Like all totalitarianisms, Islamism is nurtured by fears and frustrations. The hate preachers bet on these feelings in order to form battalions destined to impose a liberticidal and unegalitarian world. But we clearly and firmly state: nothing, not even despair, justifies the choice of obscurantism, totalitarianism and hatred. Islamism is a reactionary ideology which kills equality, freedom and secularism wherever it is present. Its success can only lead to a world of domination: man’s domination of woman, the Islamists’ domination of all the others. To counter this, we must assure universal rights to oppressed or discriminated people.

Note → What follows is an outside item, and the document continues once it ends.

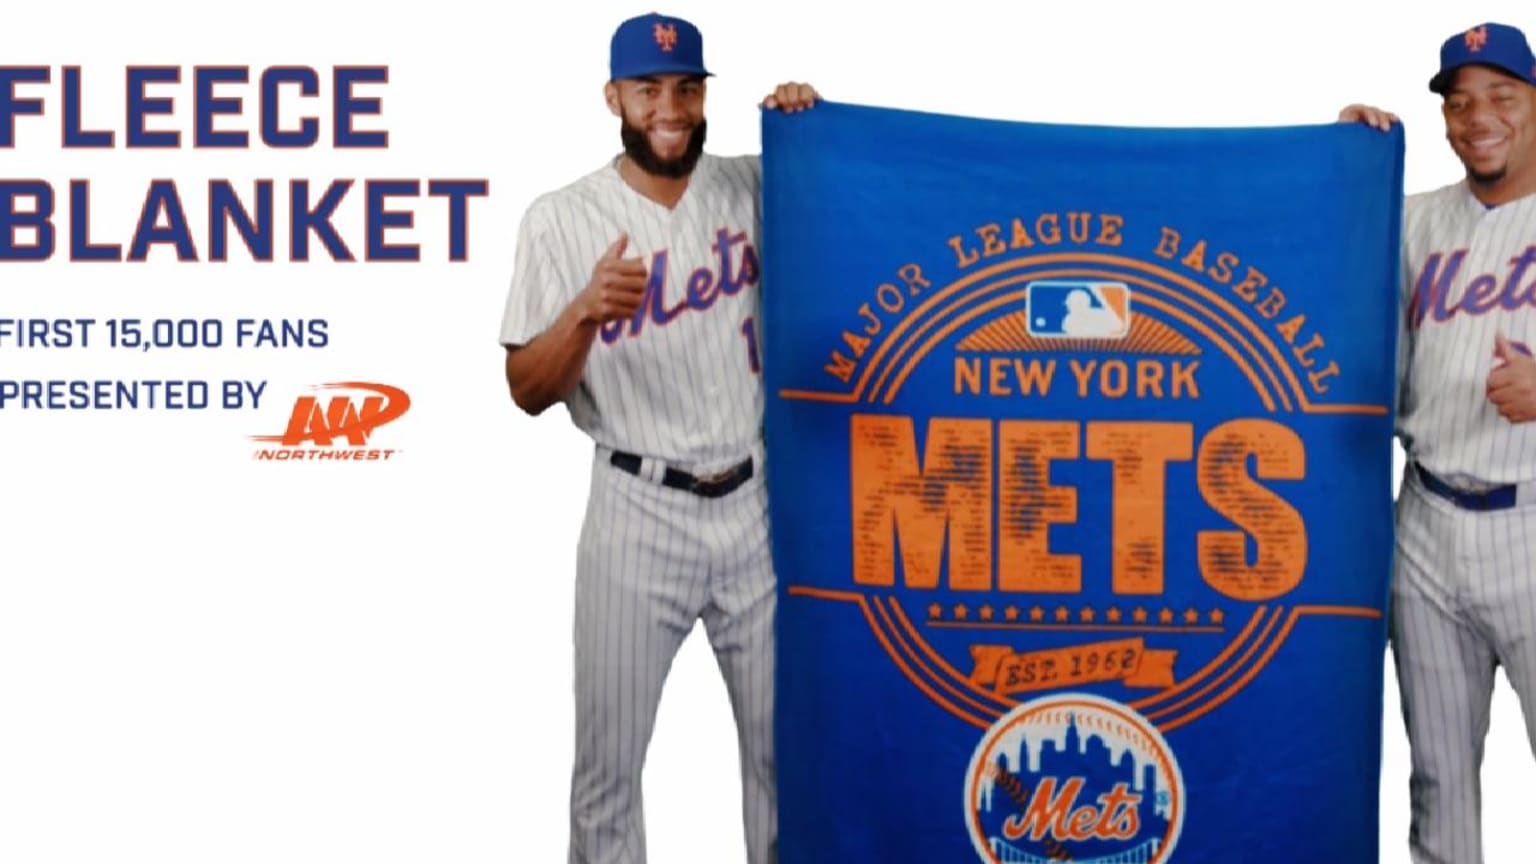 Mets Fleece Blanket giveaway, 08/18/2017
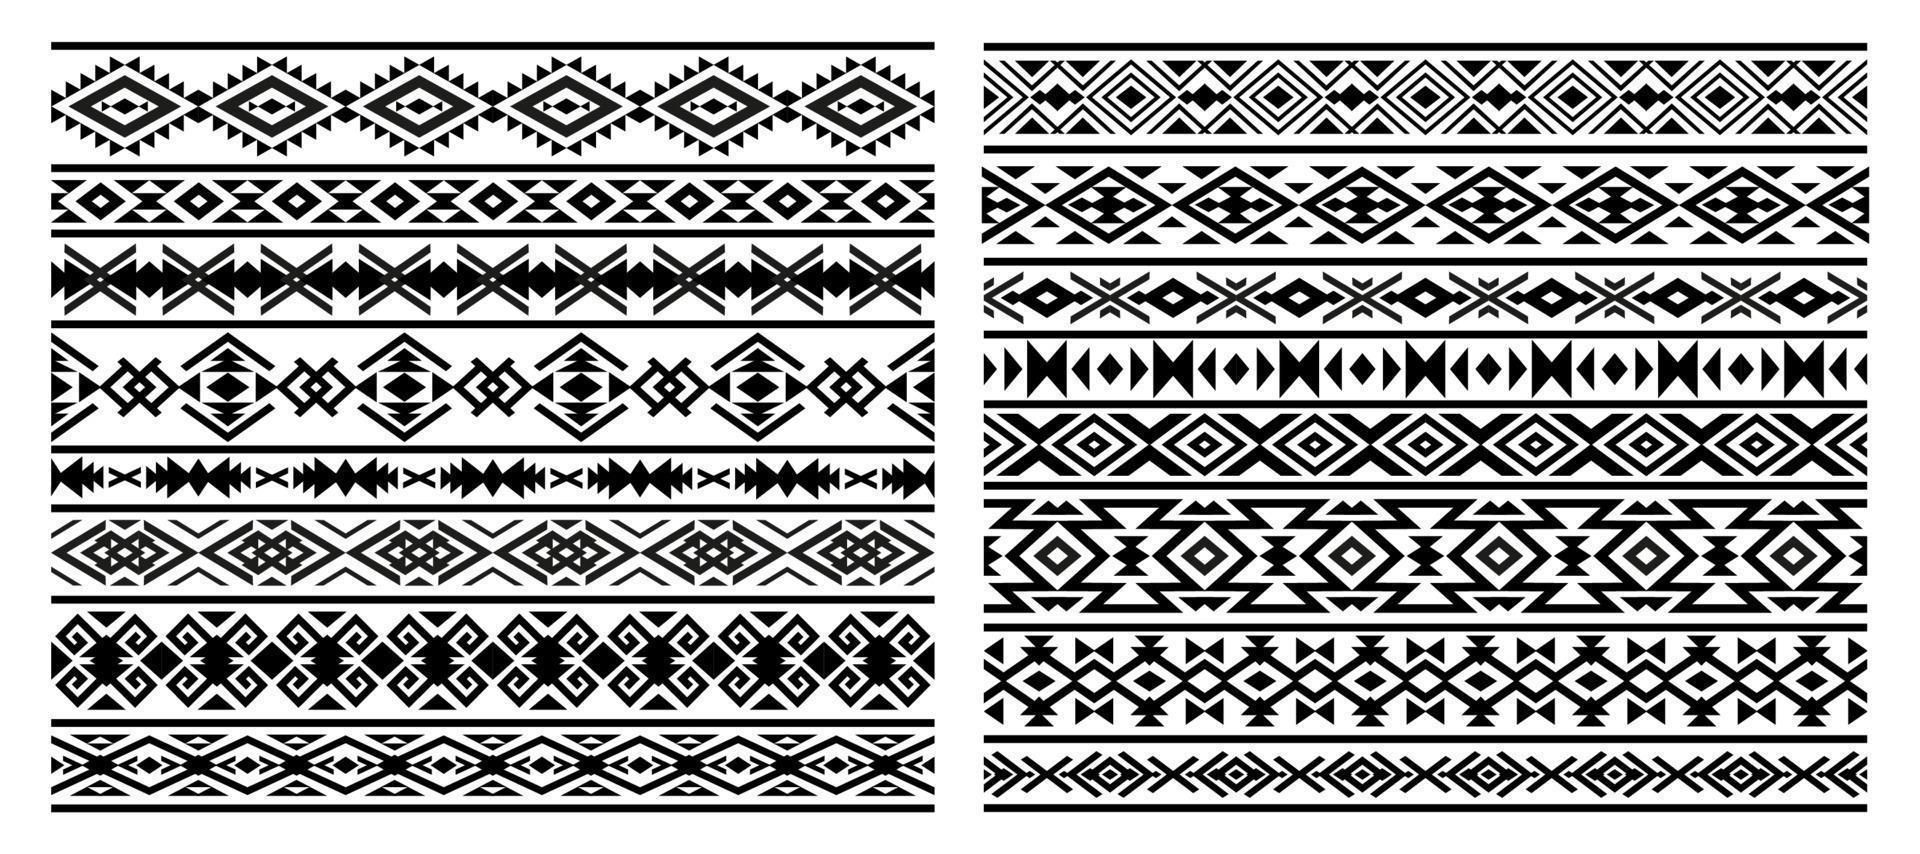 azteeks, mayan Mexicaans borders patronen, ornamenten vector

We reject « cultural relativism », which consists in accepting that men and women of Muslim culture should be deprived of the right to equality, freedom and secular values in the name of respect for cultures and traditions. We refuse to renounce our critical spirit out of fear of being accused of “Islamophobia”, an unfortunate concept which confuses criticism of Islam as a religion with stigmatisation of its believers.

We plead for the universality of freedom of expression, so that a critical spirit may be exercised on all continents, against all abuses and all dogmas.

We appeal to democrats and free spirits of all countries that our century should be one of Enlightenment, not of obscurantism.

12 signatures

Ayaan Hirsi Ali
Chahla Chafiq
Caroline Fourest
Bernard-Henri Lévy
Irshad Manji
Mehdi Mozaffari
Maryam Namazie
Taslima Nasreen
Salman Rushdie
Antoine Sfeir
Philippe Val
Ibn Warraq

Bravo. We need far, far more intellectual pushback against Islamism, the totalitarian political ideology that attempts to disguise itself as a world religion.

UPDATE: By way of Michelle Malkin, I see that Paul Belien of Brussels Journal has posted a critique of the Manifesto, which takes the Manifesto’s authors to task for conflating secular -isms with a theocratic one. To wit:

The above paragraphs clearly display the manifesto’s defects. While Islamism can be considered the perversion of religion, the three scourges of the 20th century – Fascism, Nazism (National-Socialism) and Stalinism – were secular ideologies. Neither Adolf Hitler nor Joseph Stalin were theocrats. It takes “French intellectuals” to use mankind’s experience with National-Socialism and Stalinism as motivation for a rallying cry to oppose “religious totalitarianism” and a call for “secular values,” which they hold to be “universal values.”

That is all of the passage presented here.